Dataset extract:
########
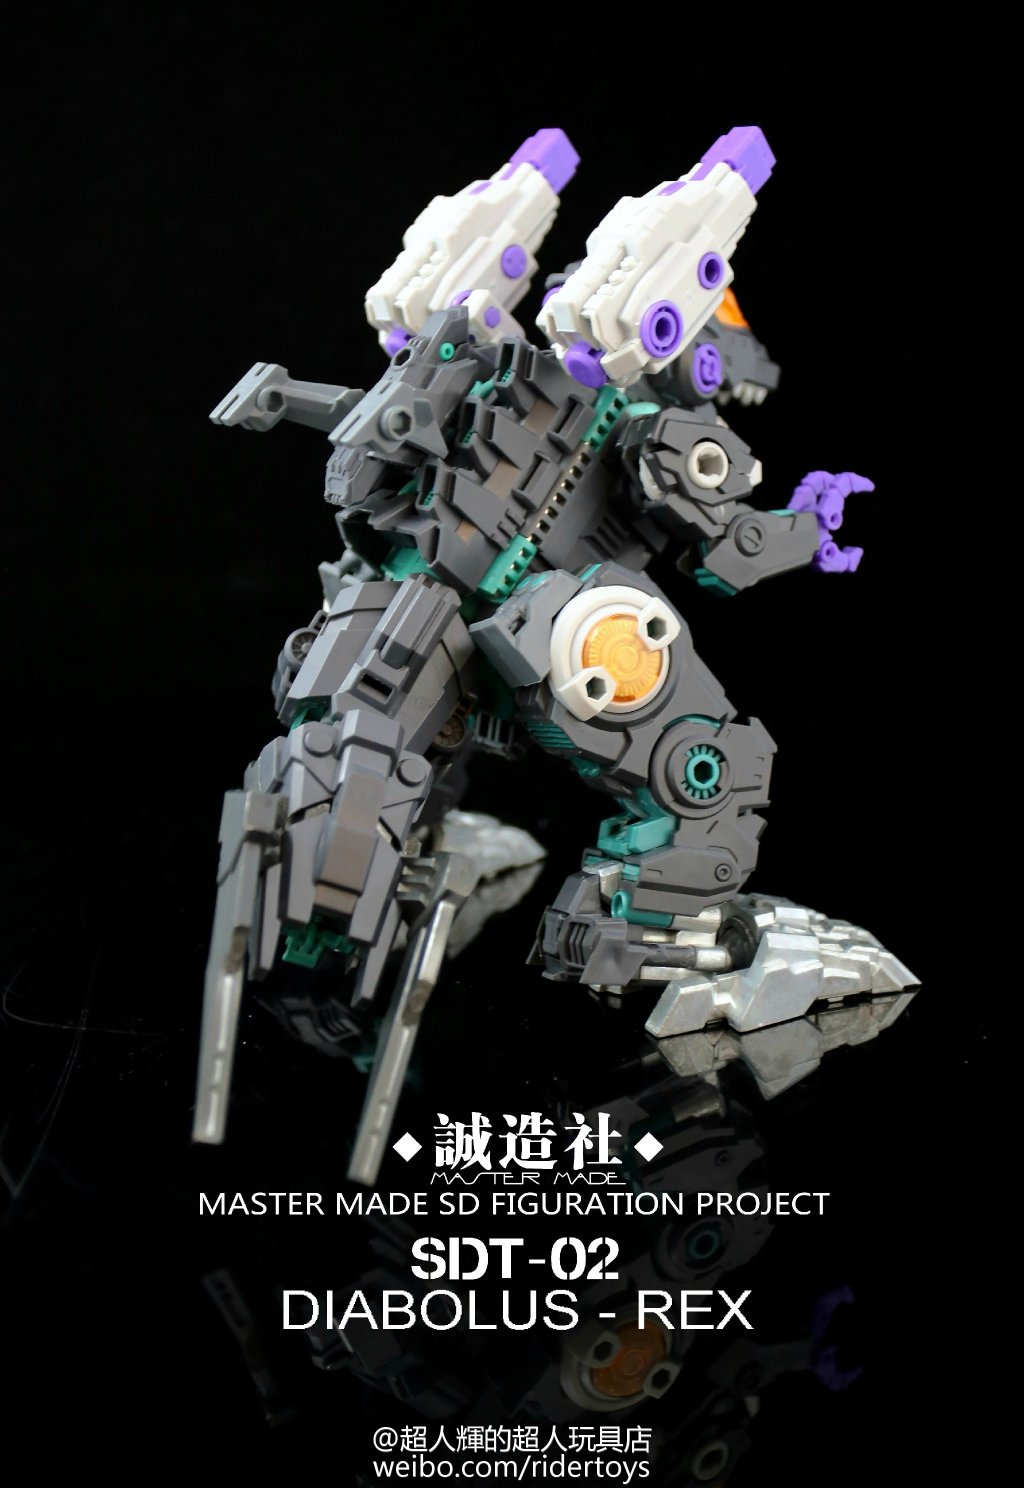 Produit Tiers - Figurine miniature déformé (transformable) - Par: Hero Hobby + MiniPower + Master Made Diabolus-Rex-04
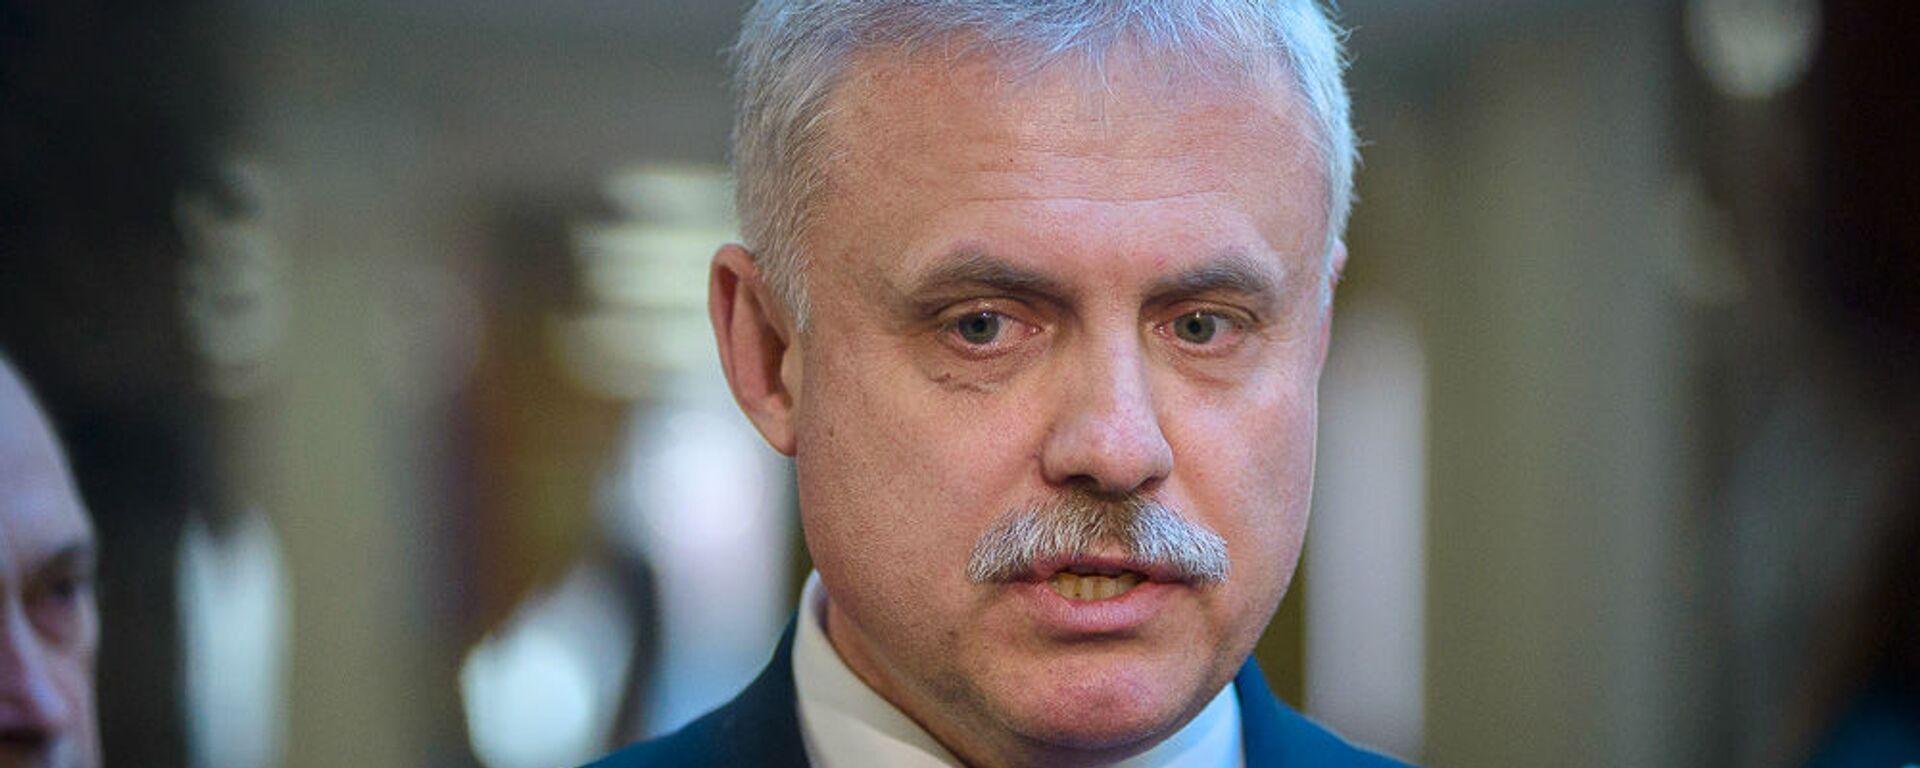 Секретарь Совета безопасности Беларуси Станислав Зась - Sputnik Таджикистан, 1920, 19.05.2021
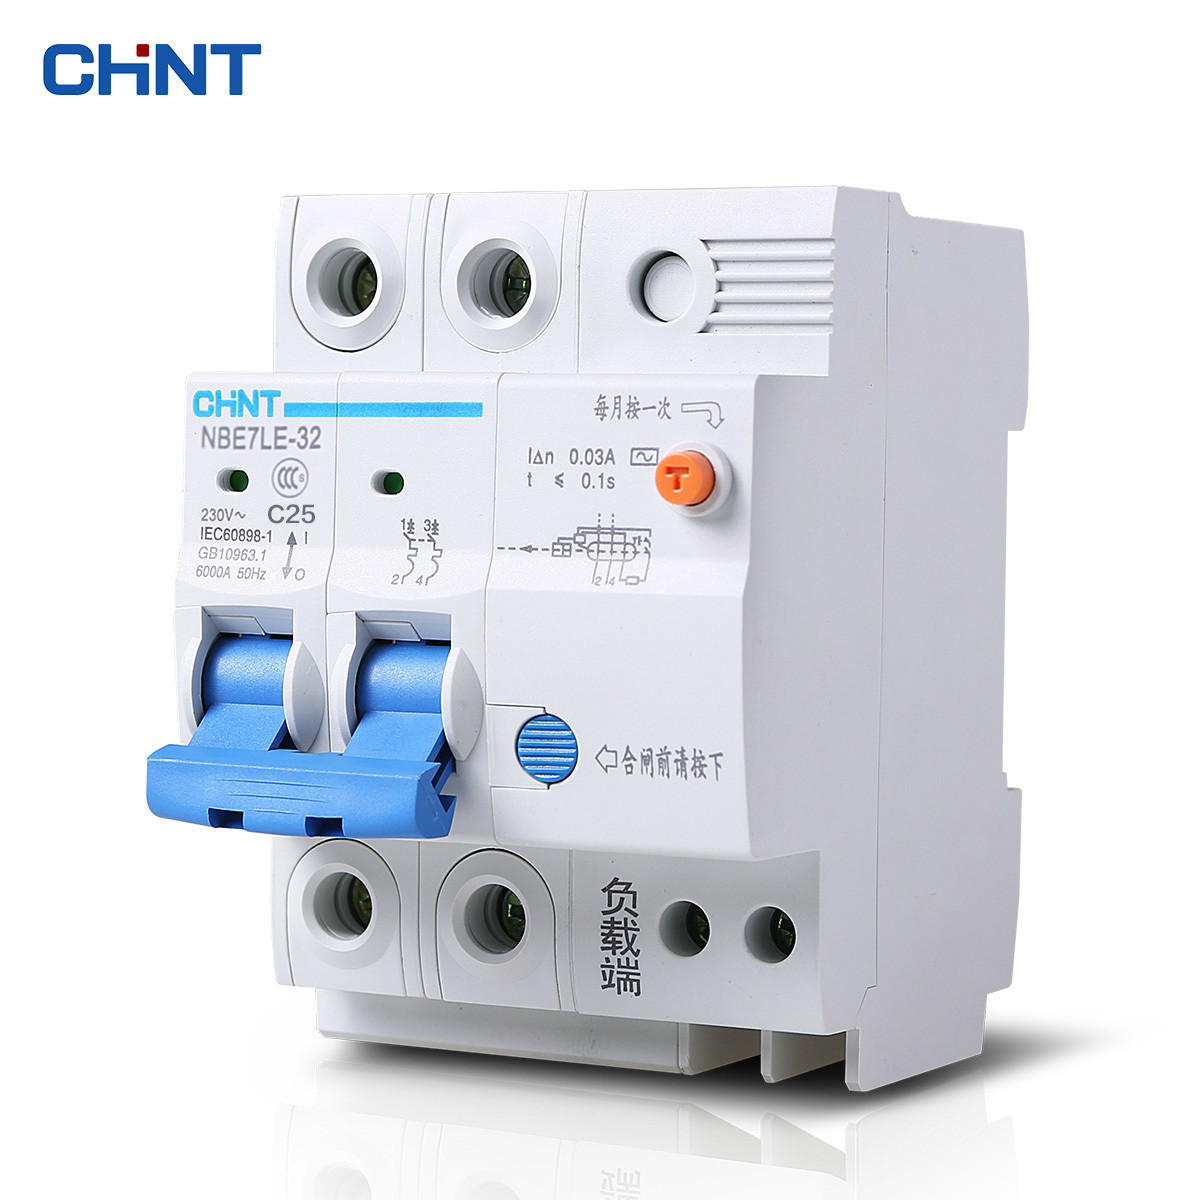 CHINT Interruptor de Aire Disyuntor de Fuga de Protección de Choque Eléctrico NBE7LE C25 2 P 25A Con Interruptor de Circuito de Fuga
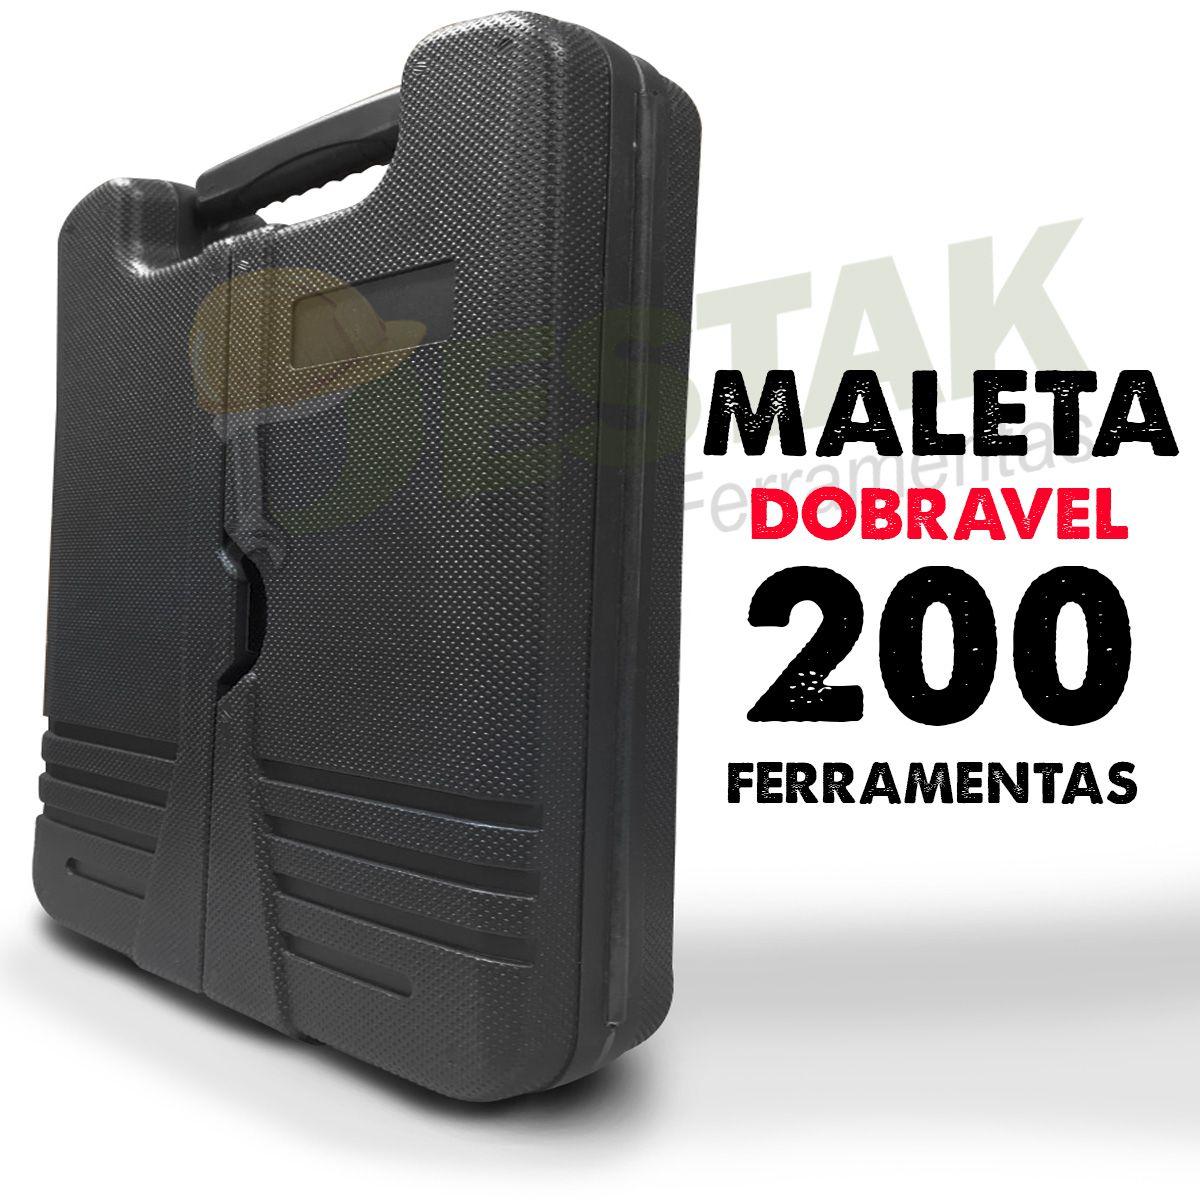 Kit Maleta Dobrável Ferramentas 200 Pçs + Pulseira Especial
########
Exercise requirements: If the listing above includes images, copy every line of it exactly except those images.

Task solution:
 Produit Tiers - Figurine miniature déformé (transformable) - Par: Hero Hobby + MiniPower + Master Made Diabolus-Rex-04
 Секретарь Совета безопасности Беларуси Станислав Зась - Sputnik Таджикистан, 1920, 19.05.2021
 CHINT Interruptor de Aire Disyuntor de Fuga de Protección de Choque Eléctrico NBE7LE C25 2 P 25A Con Interruptor de Circuito de Fuga
 Kit Maleta Dobrável Ferramentas 200 Pçs + Pulseira Especial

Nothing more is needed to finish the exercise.